Start very small. A five-minute walk is still progress.

Use Support Groups or Community Services

While waiting for counselling, you may be able to access other forms of support. This could include peer support groups, wellbeing groups, recovery colleges, crisis cafés, community drop-ins, bereavement support, domestic abuse services, veterans’ services, carers’ groups, or addiction recovery groups.

Some people worry that group support will not be as helpful as counselling. It is different, but it can still be powerful. Being around others who understand can reduce shame and loneliness.

You may hear someone describe something you thought only you felt. That moment of recognition can be deeply reassuring.

Community support can also help you build confidence, routine, and connection while you wait for one-to-one counselling.

Remember That Counselling Is a Beginning, Not a Test

Some people put pressure on themselves to be “ready” for counselling. They worry they will say the wrong thing, cry too much, not cry enough, forget important details, or be judged.

Counselling is not a test. You do not have to perform. You do not have to have the right words. You do not have to tell your whole life story in the first session.

A good counsellor will help you feel safe, listened to, and respected. The relationship builds over time. It is okay to be nervous. It is okay to start slowly. It is okay to say, “I don’t know where to begin.”

The fact that you are waiting for counselling already shows strength. You have recognised that you need support, and you have taken a step towards it.

Final Thoughts

Waiting for counselling can be painful, but it does not mean nothing can change until your first appointment. Small steps can help you stay safe, feel more supported, and begin understanding what you are going through.

Speak to someone you trust. Create a simple safety plan.
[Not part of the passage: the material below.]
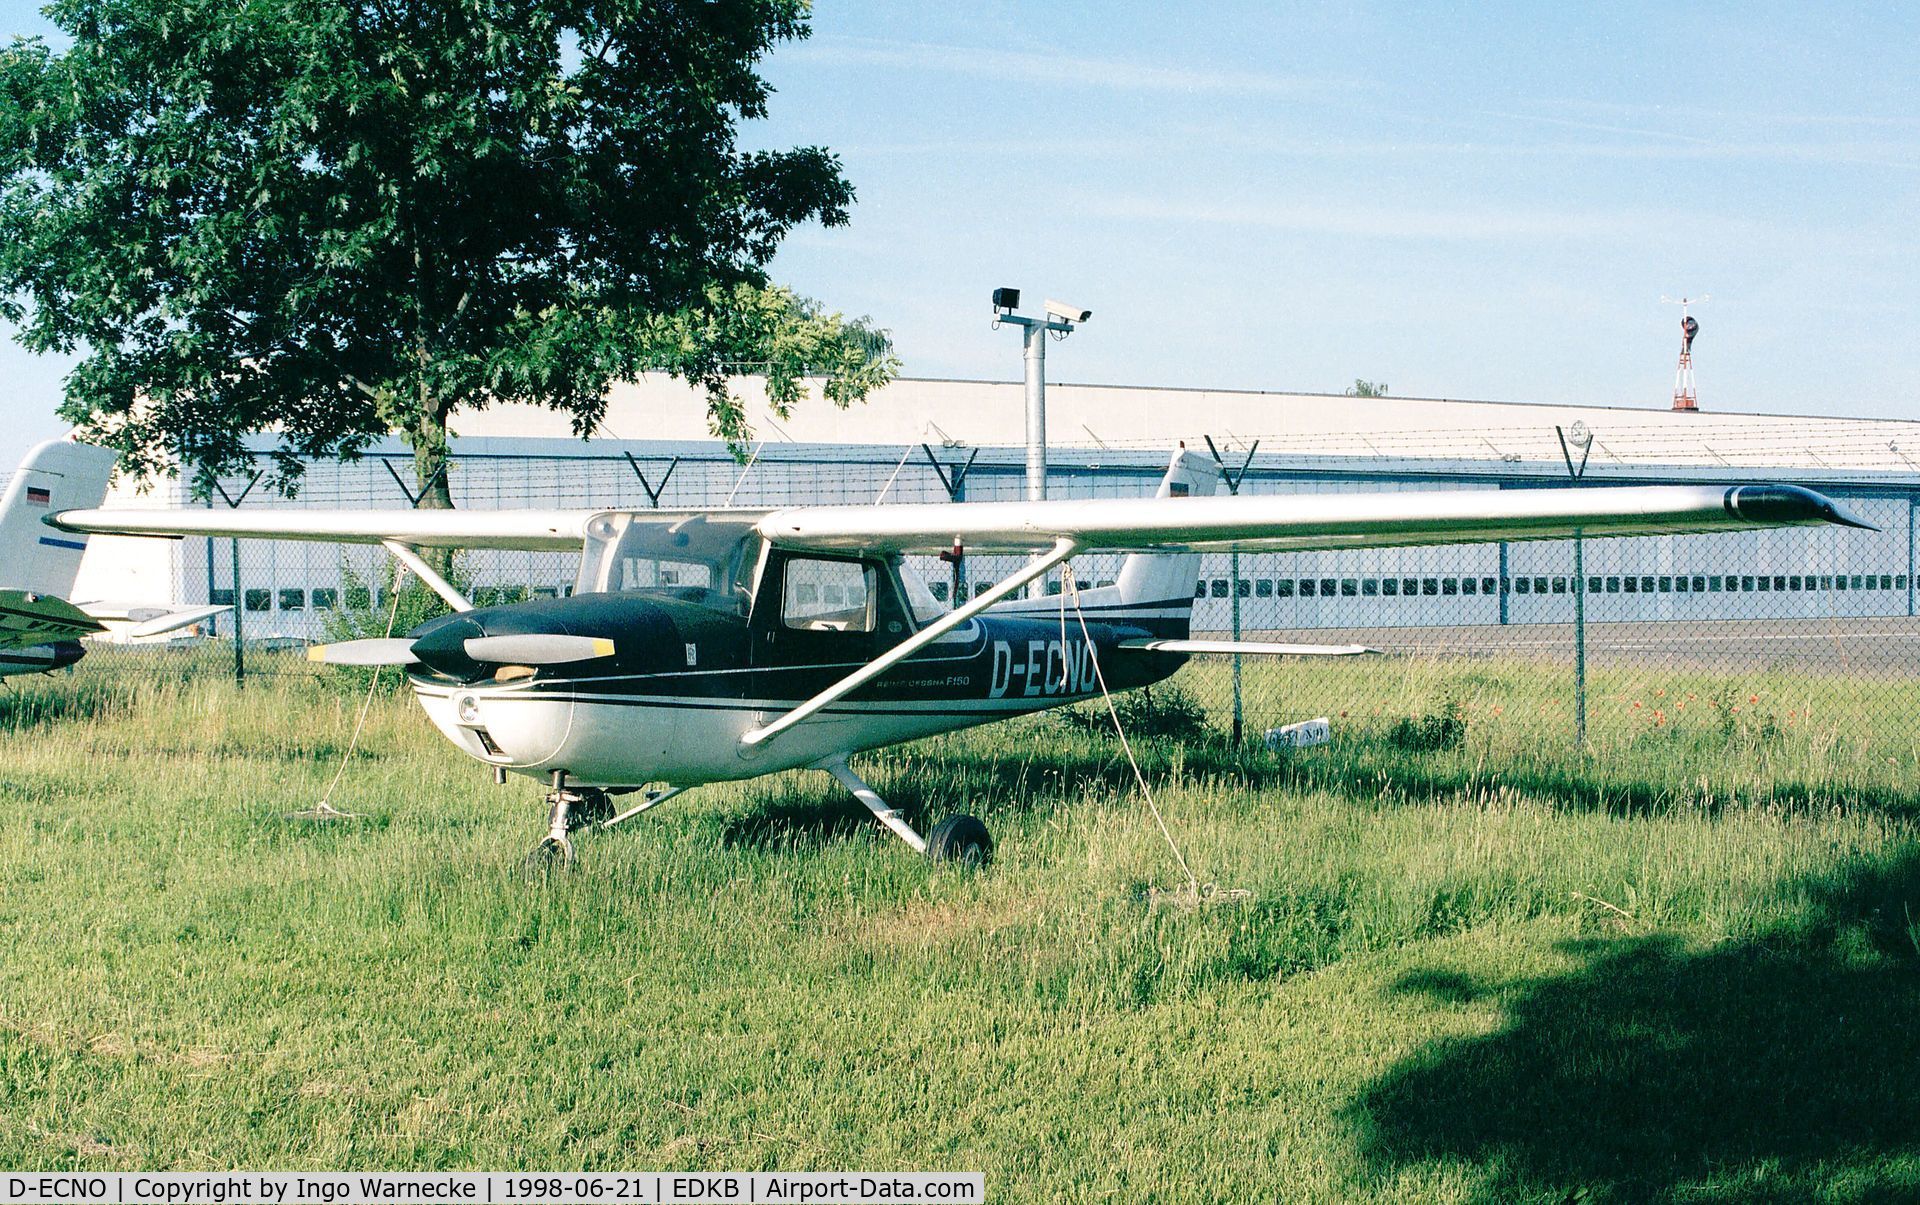 D-ECNO, 1967 Cessna 150G C/N 15066927, Cessna 150G at Bonn-Hangelar airfield
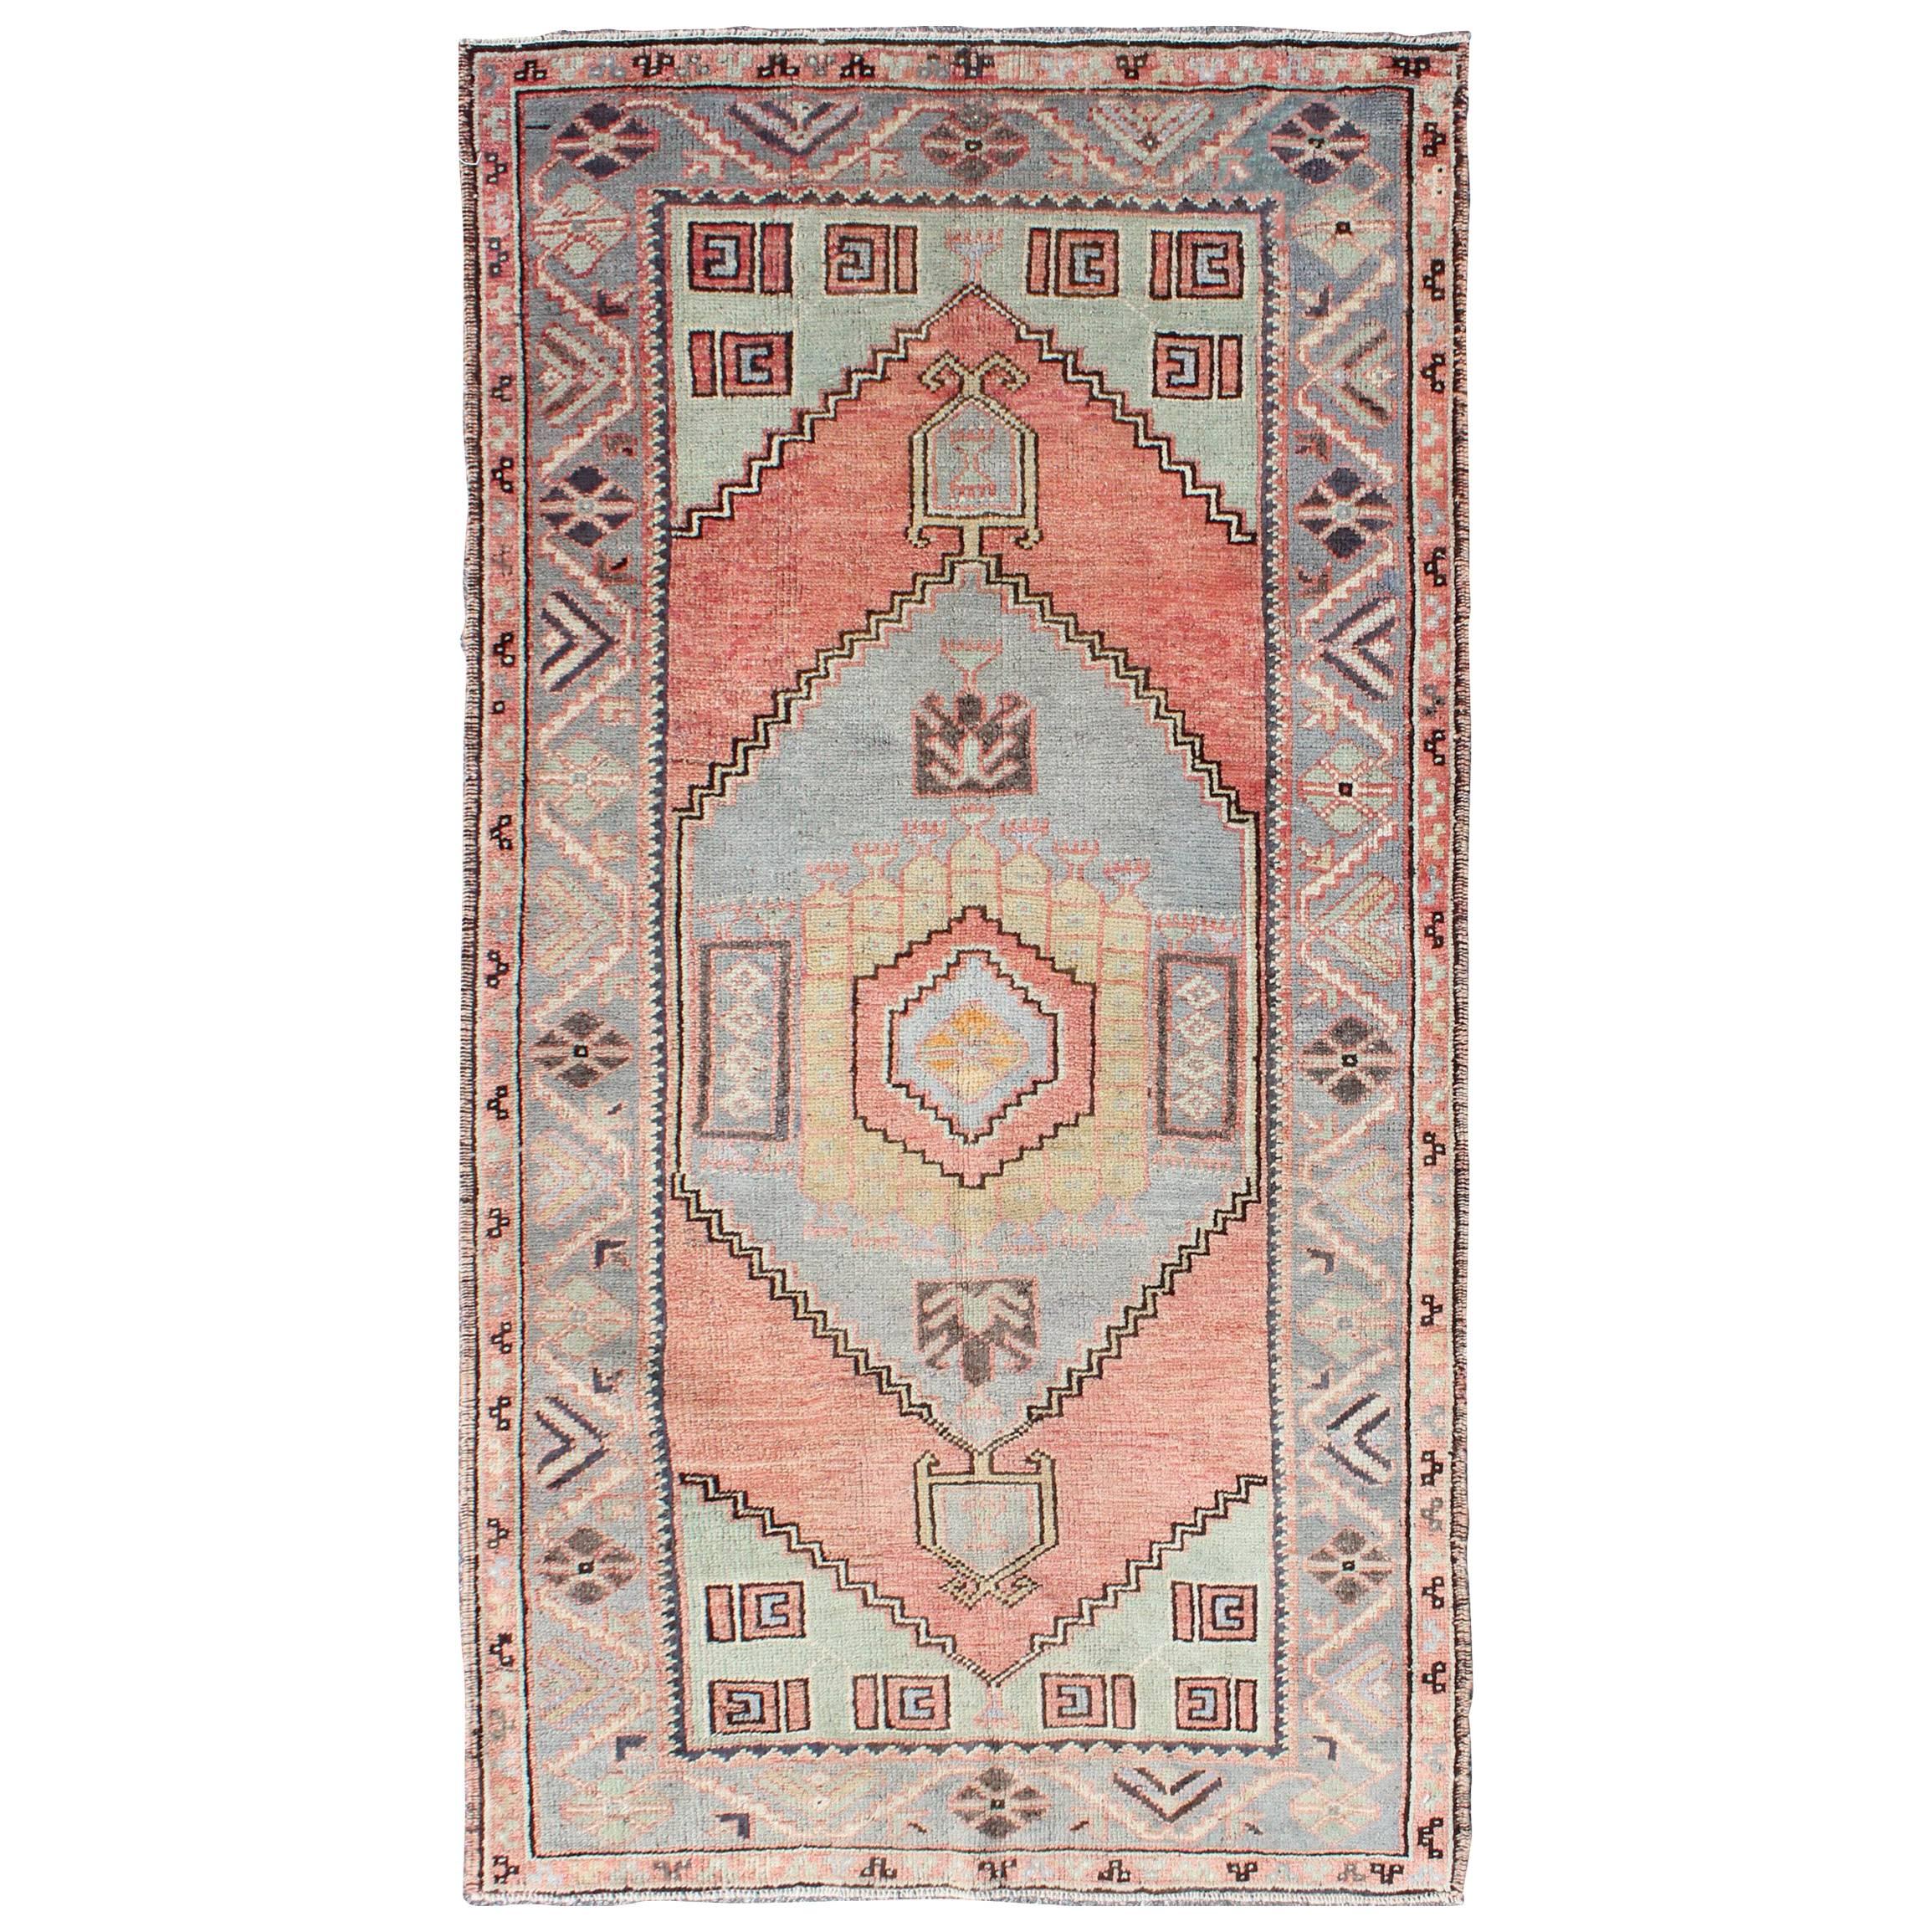 Türkischer Oushak-Teppich im Vintage-Stil mit Stammesmuster in Orang-Rot, Grün und Grau

Keep some routine in your day. Use grounding techniques when emotions feel intense. Write down what you want to discuss. Reach out again if things get worse.

Most importantly, remember this: needing help does not make you weak. Waiting does not mean you have been forgotten. And the fact that things feel difficult right now does not mean they will always feel this way.

Counselling can offer a safe space to explore your feelings, understand your experiences, and begin healing. While you are waiting, you still deserve care, support, kindness, and hope.